The judge at Peltier’s trial forbade information on the reign of terror against AIM and traditional Indians at Pine Ridge and the FBI role in it. At the previous trial of Bob Robideau and Dino Butler for the same murder of the two FBI agents, this was allowed, with the result that they were found not guilty on self-defense grounds. Peltier was not allowed this defense, setting court preconditions for his conviction.
At the Tribunal the Central Florida Leonard Peltier Defense Committee gave testimony on a total of eight judicial violations in the case of Leonard. Yet Peltier was never given a new trial, and on appeal, the Supreme Court wouldn’t look at it.
The last day of the Tribunal, Manny Pino, Acoma Pueblo professor, testified on the genocide carried out by Cold War uranium mining in the Navajo Nation in Arizona, Lakota lands in South Dakota, and First Nation lands in Canada. Pino described how the US government targeted Indian lands as “sacrifice zones” which left a trail of death for Native American uranium miners who were not given protective clothing, and unknowingly ate radioactive food.
Findings of the Panel of Tribunal Judges
The judges at the Tribunal called for the FBI to be held responsible for their assaults and murders inflicted on the Native Americans at Pine Ridge. Noting the FBI presented manufactured “evidence” of Peltier’s guilt and withheld actual evidence of innocence, they demanded his immediate release, either through a new, fair trial, executive clemency, or compassionate release.
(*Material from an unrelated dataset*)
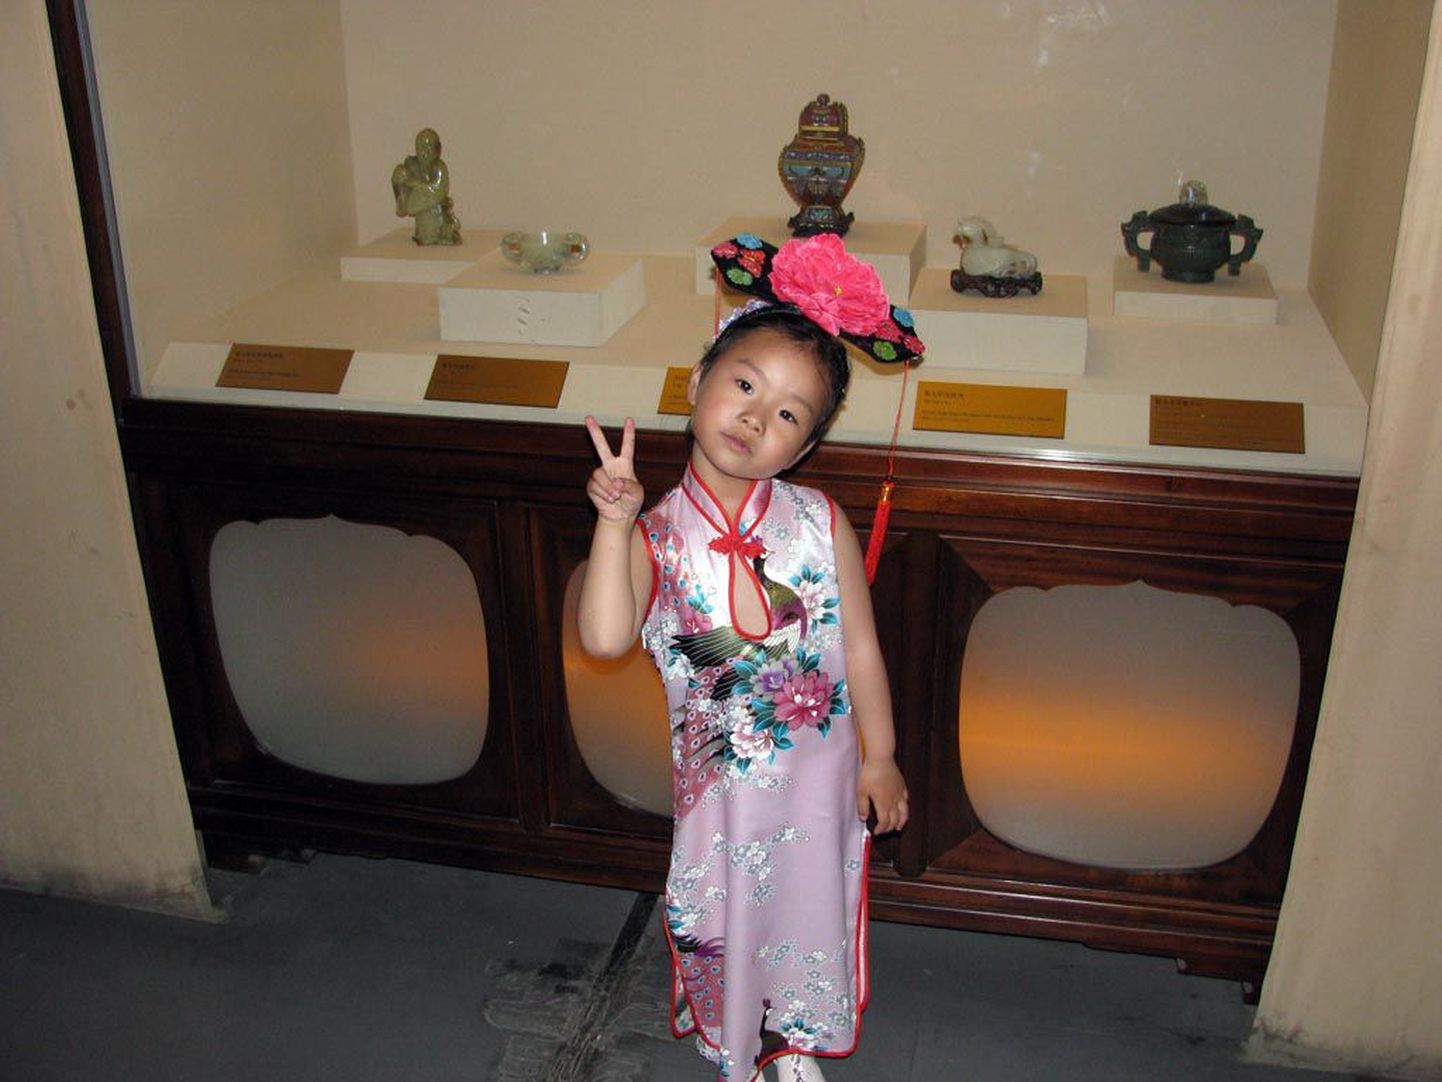 Hiina tüdruk nautis Keelatud Linnas turistide tähelepanu.
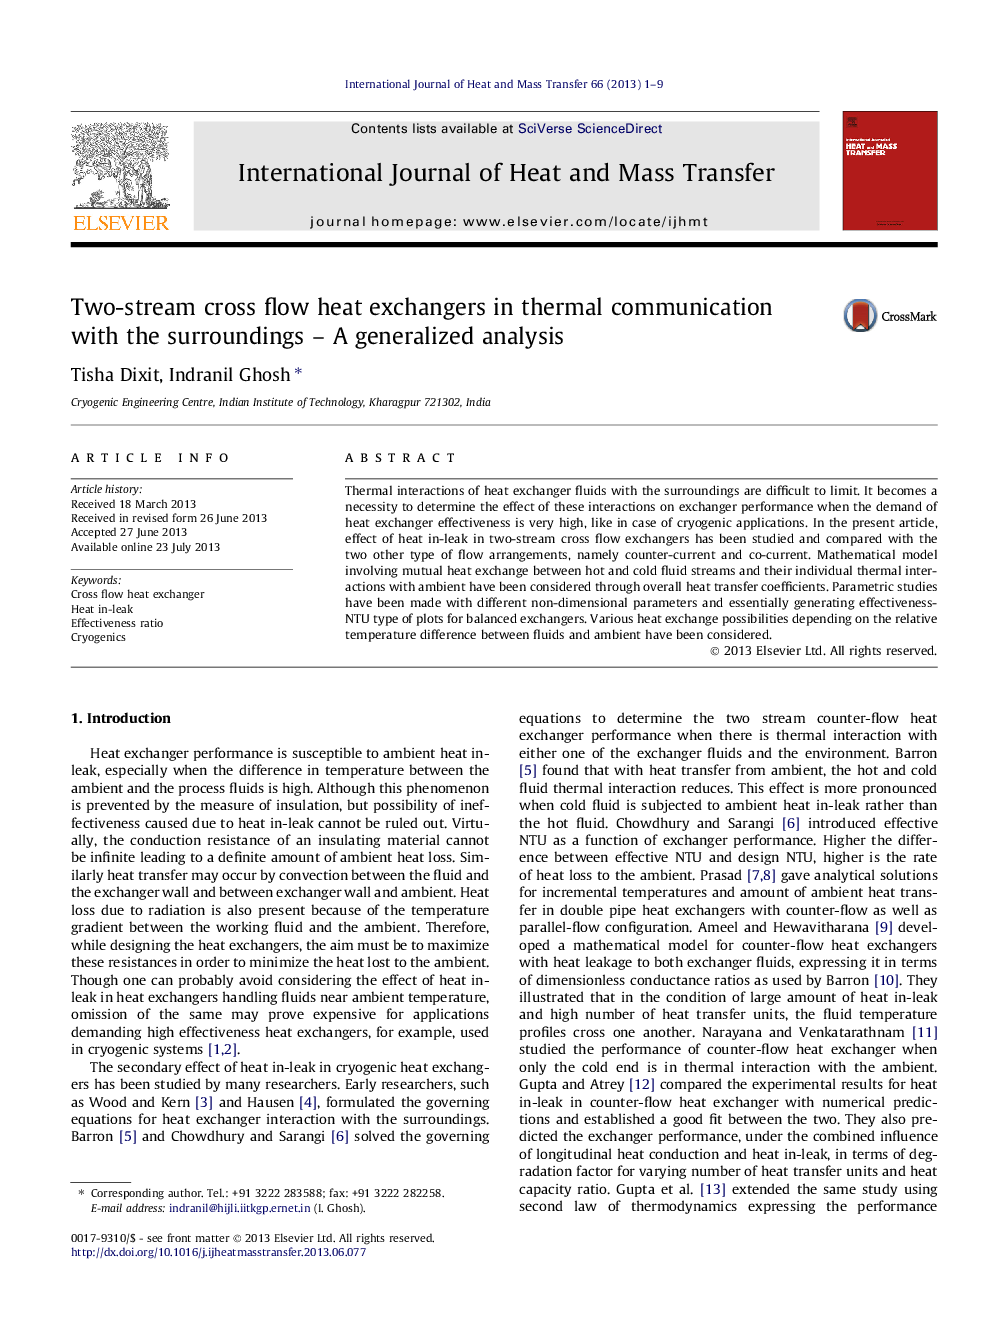 مبدل های حرارتی جریان متقاطع دو طرفه در ارتباطات حرارتی با محیط اطراف - یک تحلیل عمومی

“Leonard Peltier has become an icon for the oppression and injustices practiced by the United States historically and persistently on Indigenous Peoples. Justice for Leonard Peltier can begin a healing process long overdue between Indigenous Peoples and the United States of America.”
The Tribunal also called for US recognition of native sovereignty on their Indian land and the end to the environmental injustices targeting Indian lands, based on racism. It recommended that its findings be submitted to the National Congress of American Indians.